Performance Benchmarks

Documented Performance: Empirical evaluation demonstrates the server effectively handles over 40 Requests Per Second (RPS) sustaining 0.00% failure rates on read-intensive cached routes under persistent load.

Typical Results

With proper caching:

Endpoint	RPS	Avg Response	P95	Failure Rate
GET /api/v1/clients/	40+	4ms	8ms	0.00%
GET /api/v1/clients/search	30+	5ms	9ms	0.00%
POST /api/v1/clients//verify	15+	6ms	11ms	0.00%
GET /api/v1/internet-plans/	30+	3ms	6ms	0.00%

Cache Performance Validation

First load test run (cold cache):

GET /api/v1/clients/: Avg=750ms, P95=1200ms

Second load test run (warm cache):

GET /api/v1/clients/: Avg=4ms, P95=8ms

Improvement: ~187x faster with cache

Testing Cache Behavior

Test Cache TTL

Run Load Test

locust -f locustfile.py --host=http://localhost:8000 --users 20 --run-time 2m --headless

Observe response times (should be ~4ms).

Wait for Cache Expiry

Client cache TTL is 5 minutes.

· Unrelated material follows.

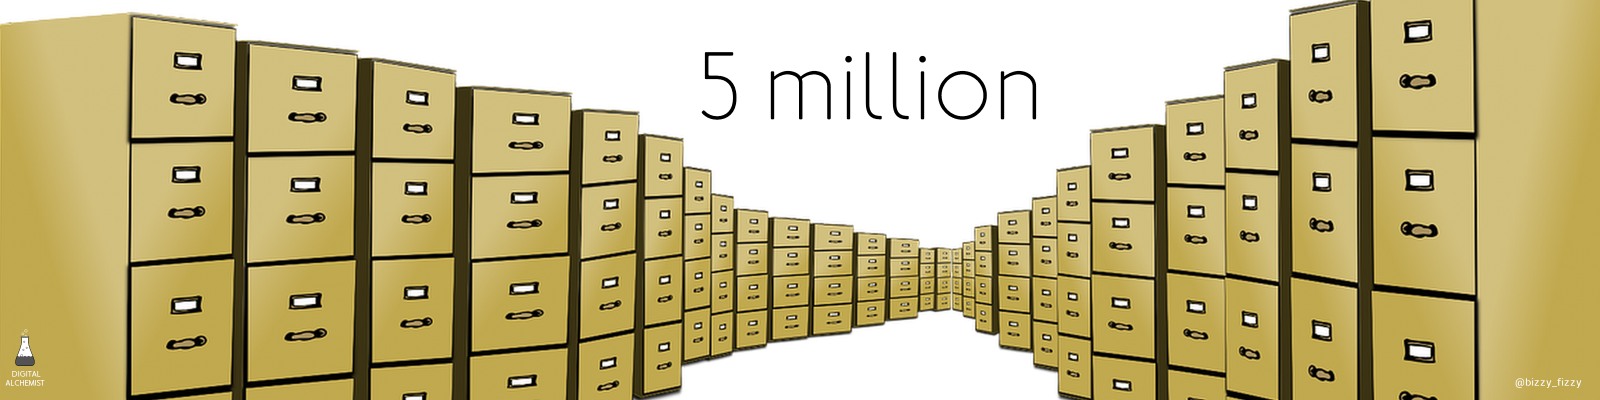 5 million filing cabinets - email spam

Wait 6 minutes.

Run Load Test Again

locust -f locustfile.py --host=http://localhost:8000 --users 20 --run-time 2m --headless

First few requests will be slower (~800ms) as cache refills, then drop to ~4ms.

Test Concurrent Cache Access

Simulate many users hitting cached data simultaneously:

locust -f locustfile.py \
  --host=http://localhost:8000 \
  --users 100 \
  --spawn-rate 20 \
  --run-time 3m \
  --headless

Expected: No cache-related errors, consistent performance.

Stress Testing

Find Breaking Point

Gradually increase load to find the failure threshold:

# Start conservative
locust -f locustfile.py --host=http://localhost:8000 --users 50 --run-time 2m --headless

# Increase load
locust -f locustfile.py --host=http://localhost:8000 --users 100 --run-time 2m --headless

# Push further
locust -f locustfile.py --host=http://localhost:8000 --users 200 --run-time 2m --headless

# Find limit
locust -f locustfile.py --host=http://localhost:8000 --users 500 --run-time 2m --headless

Watch for:

Increased error rates
Rising response times
Server resource exhaustion

Resource Monitoring

During stress tests, monitor server resources:

# CPU and memory
docker stats wisphub_api_server

# Or for local server
top -p $(pgrep -f uvicorn)

Distributed Load Testing

For testing beyond a single machine’s capacity:

Master Node

locust -f locustfile.py --host=http://localhost:8000 --master

Worker Nodes

On other machines:

locust -f locustfile.py --worker --master-host=<master-ip>

The master aggregates results from all workers.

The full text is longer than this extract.